I noticed yesterday that long-time (but mostly inactive now) TI community member Ben Ryves published a video describing a project that uses an ESP8266 to connect calculators with old-style (not USB) link ports to the internet via wifi. Here's the source code, and that video:
The principle of operation is that the ESP8266 speaks the TI link protocol and treats it like a serial connection, then works like an AT modem. On the calculator, Telnet 83 Plus is all that's needed- although that program was designed for use with an old-school serial modem and a TI-Graph Link cable (the "Gray" link cable), it's pretty easy to do the protocol conversion that is normally done by the link cable in the modem firmware instead.
This is extremely cool stuff: I'm happy to see Ben continue to build new projects for graphing calculators. I recommend watching the video through: I was repeatedly surprised as he got deeper and deeper into what this makes possible (spoiler alert: for example, seamless, software-free WiFi file transfers between calculator and computer). People have been talking about WiFi for calculators for so long, and this is an elegant solution.
Ben's work is always amazing and this is no exception.

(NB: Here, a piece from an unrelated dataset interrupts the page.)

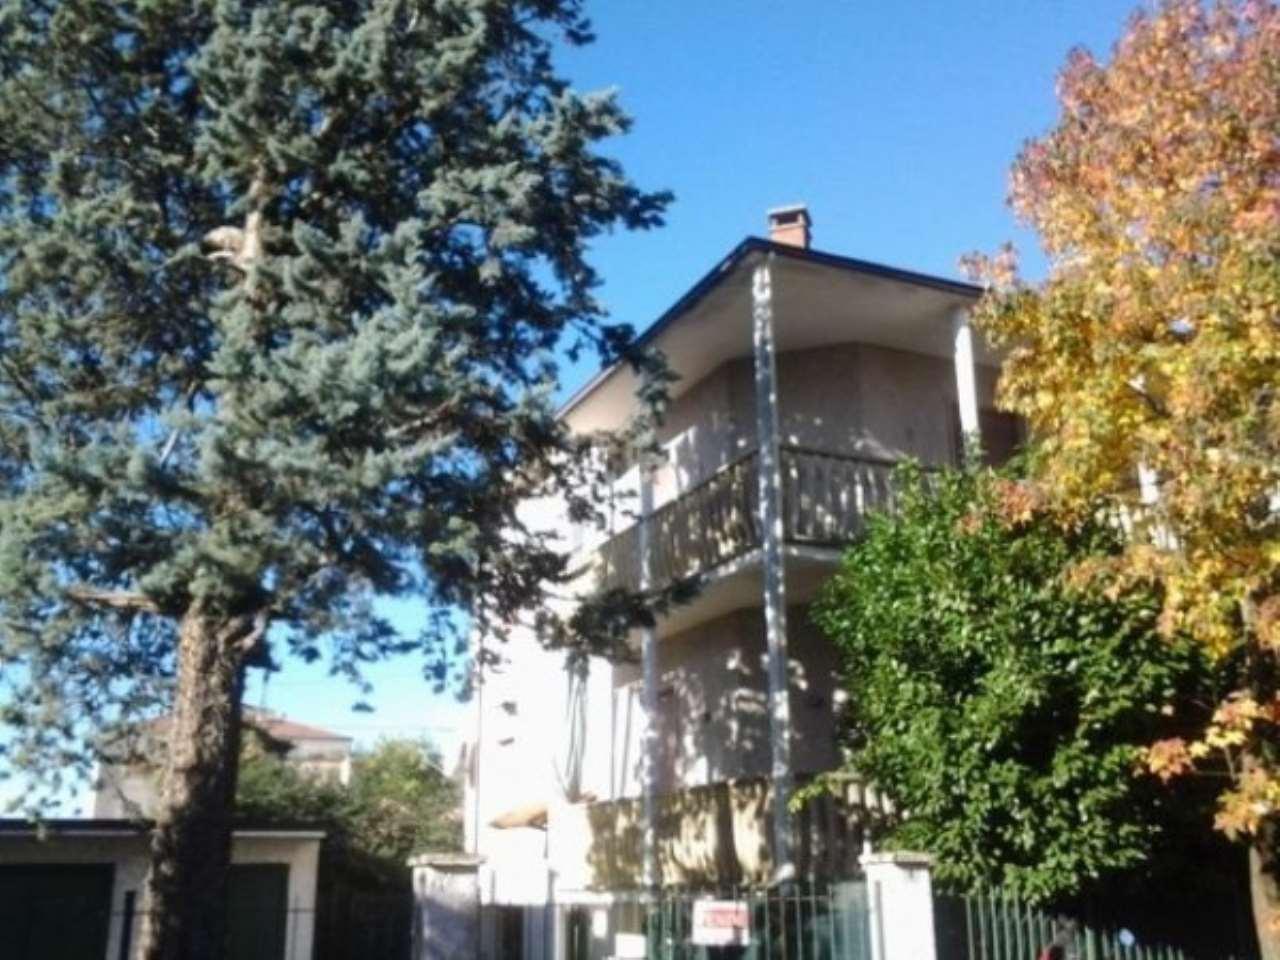 Villa in vendita a Gragnano Trebbiense, 5 locali, prezzo € 280.000 | CambioCasa.it

Something similar could be made for the CE since you can connect to an ESP8266 as a USB serial device. More trickery would be involved to make the calculator think you're connected to a PC or other calculator for seamless file transfer however.
"My world is Black & White. But if I blink fast enough, I see it in Grayscale."
There aren't any ESPs that directly support USB, so it's a little harder than just hooking up USB- you'd need to either use a different chip that does support USB or possibly bit-bang a USB device controller in software.
Just doing the modem part probably wouldn't be too hard at least; you could swap out the TI link protocol parts for CommandBlockGuy's CDC library and use the USB-serial connection in the same way (basically just swapping out the TI serial link protocol bridge for a USB CDC bridge).
I see, yes; if you're willing to use a USB-serial bridge chip then the only work required is to make the calculator program speak USB CDC instead of the TI link protocol, though you'd sacrifice the "TI-connecting over the network" feature in that configuration. If you had a microcontroller that actually spoke USB it might be feasible to run DUSB over the network via USP/IP or similar, though I think you'd also need the micro to be the USB host to make that work exactly like a PC connection whereas the CDC mode requires the calculator to act as host.